# UDF with vLookup or a UDF with Filtering Function question



## julhs (Dec 31, 2022)

Just want to get a quick sense as to which of these two methods is the better one to pursue?
To this person who muddles their way through Excel; in a very loose sense vLookup and Filtering are basically doing the same thing?

Just asking because the UDF I will need to come up with for use with either is going to be an extreme challenge for me.
Trying to avoid spending hours on one option when the other would have been the better route!

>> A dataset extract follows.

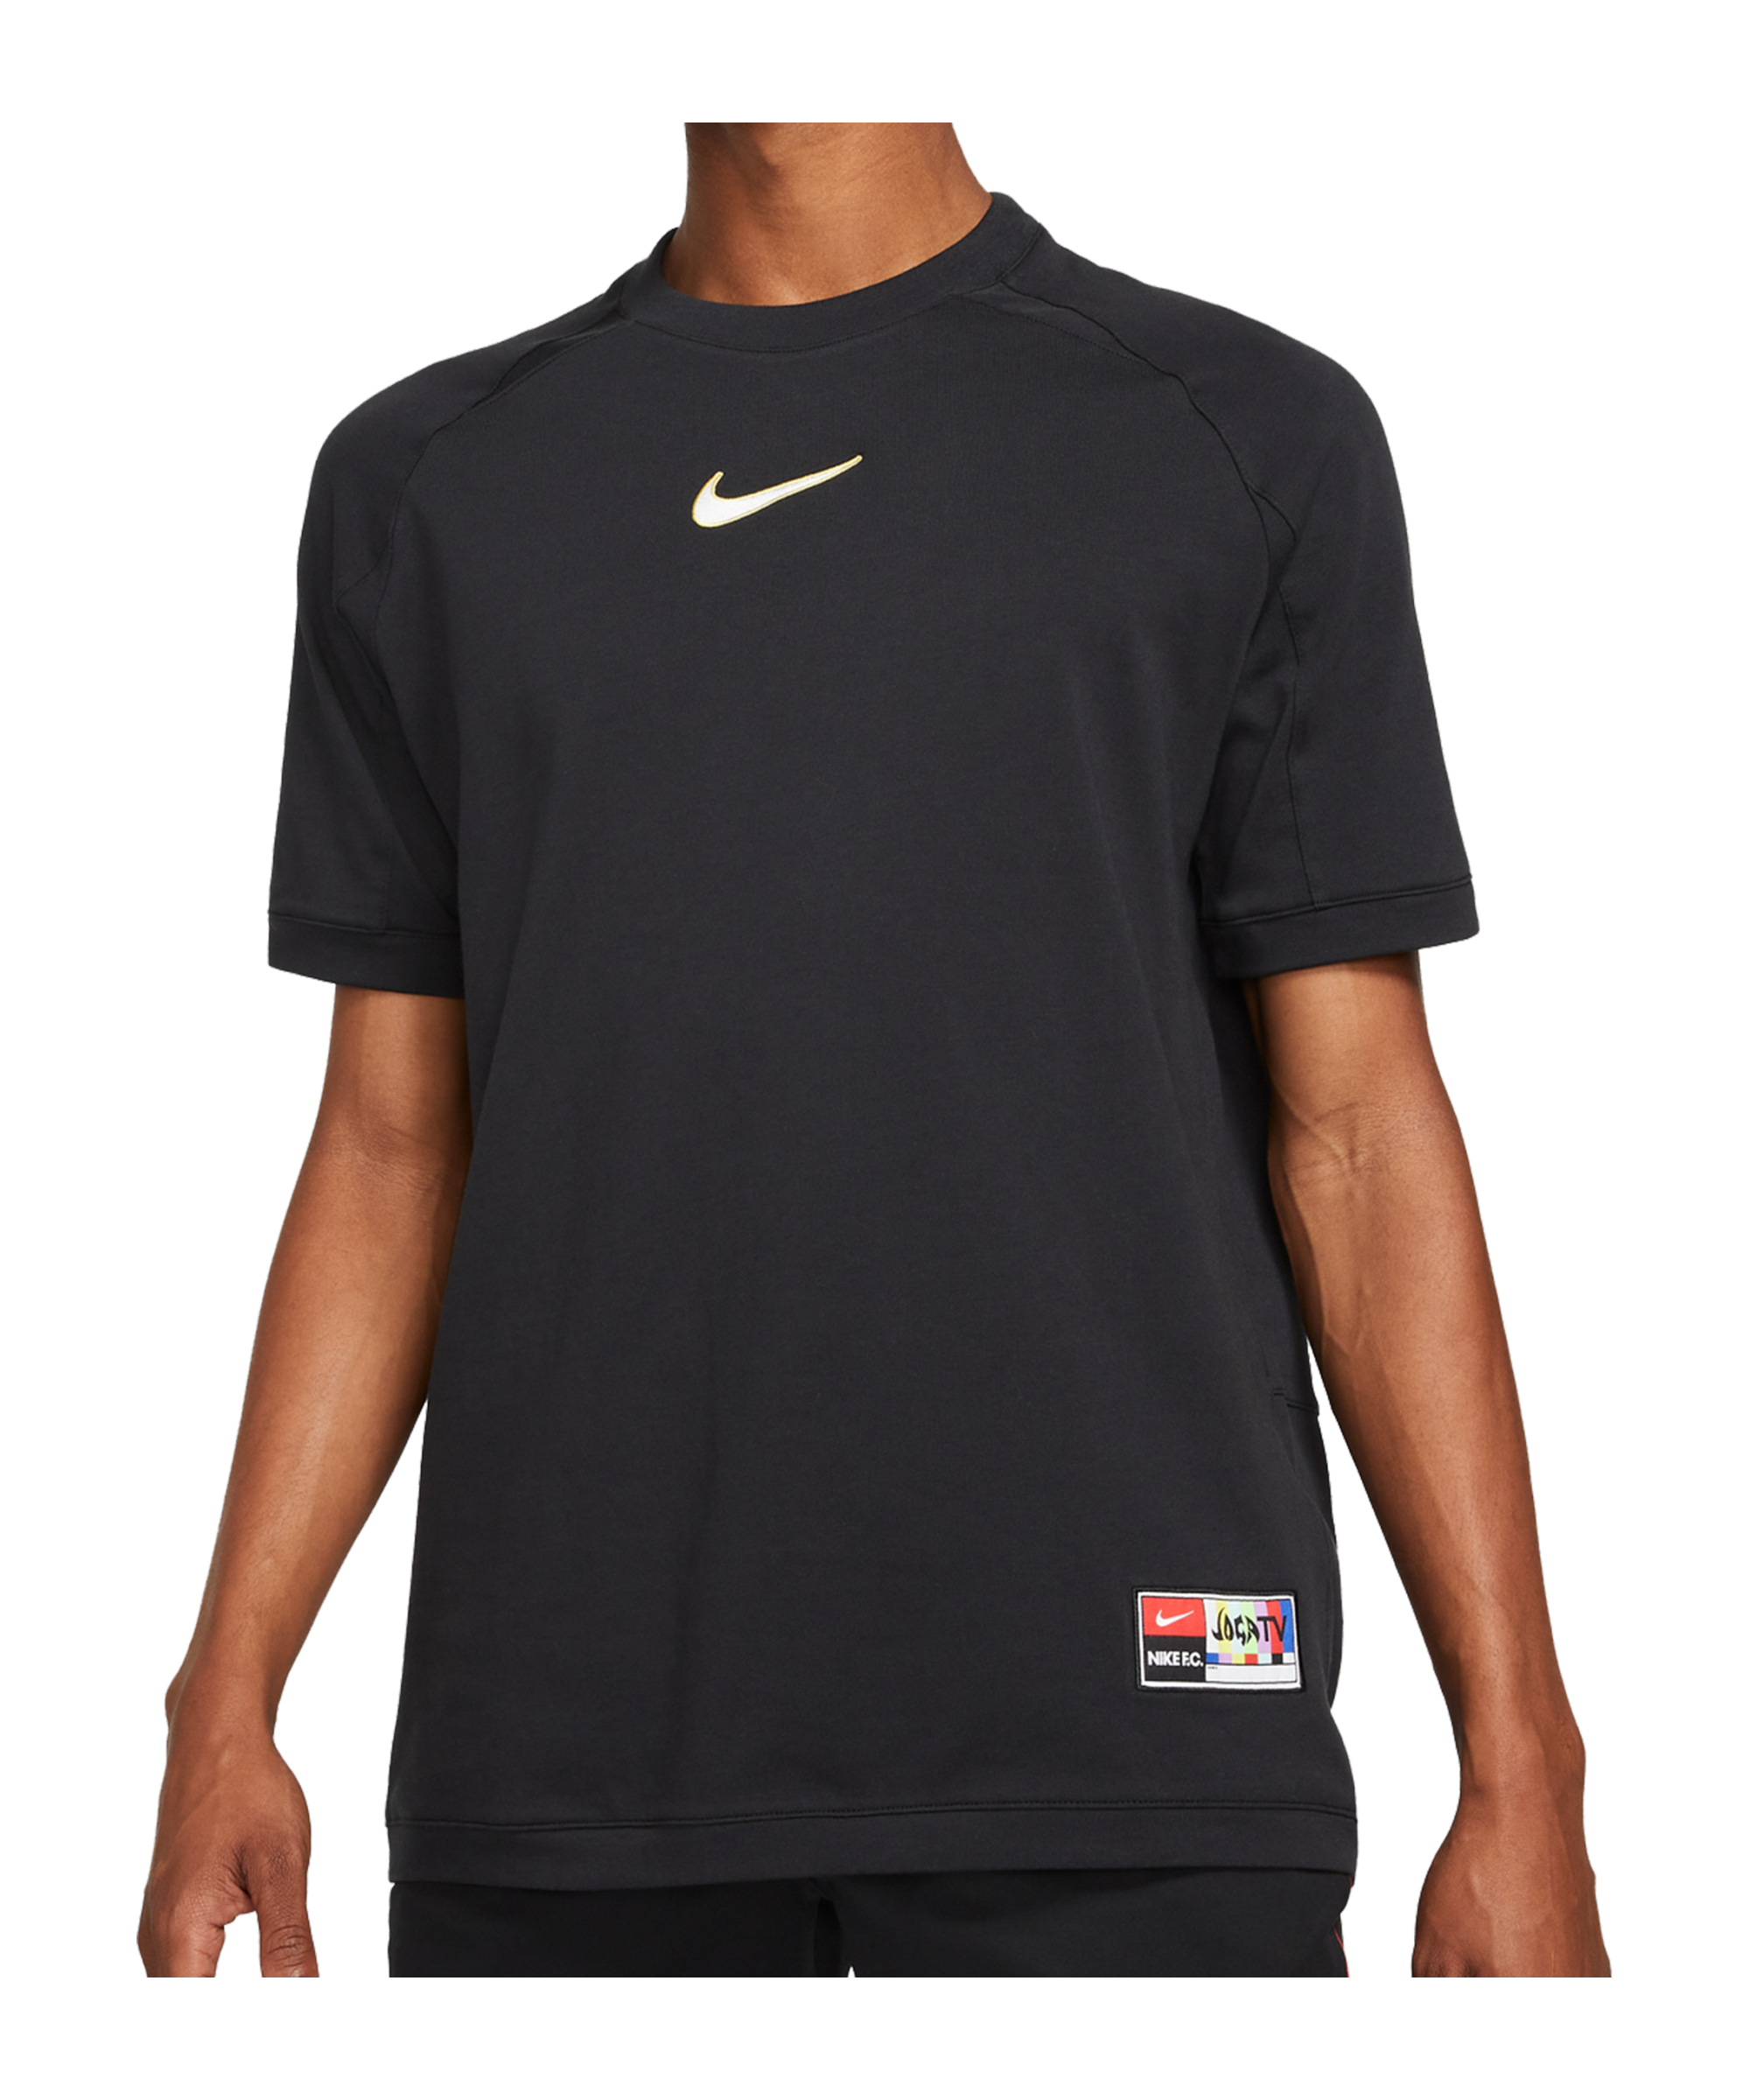 Achternaam Oost Op risico Nike F.C. Joga Bonito T-Shirt - Black

 Any advice greatly received


----------



## JEC (Dec 31, 2022)

For a Vlookup you don't need a UDF. Your goal is not very clear to me. If you could explain something with a sample table (use XL2BB tool to upload samples), you might get better answers.


----------



## julhs (Dec 31, 2022)

Thanks for reply.

Yes of course your right, re UDF with Vlookup but I suppose same goes for UDF with Filter Function?
I suppose the question is really a general one as to which method, Vlookup or Filter Function has the broader scope/functionality for filtering/extracting data.


----------



## JEC (Dec 31, 2022)

Do you mean the Filter function in VBA or the Filter function in Excel(for which you need office 365).
Vlookup probably works better in your scenario.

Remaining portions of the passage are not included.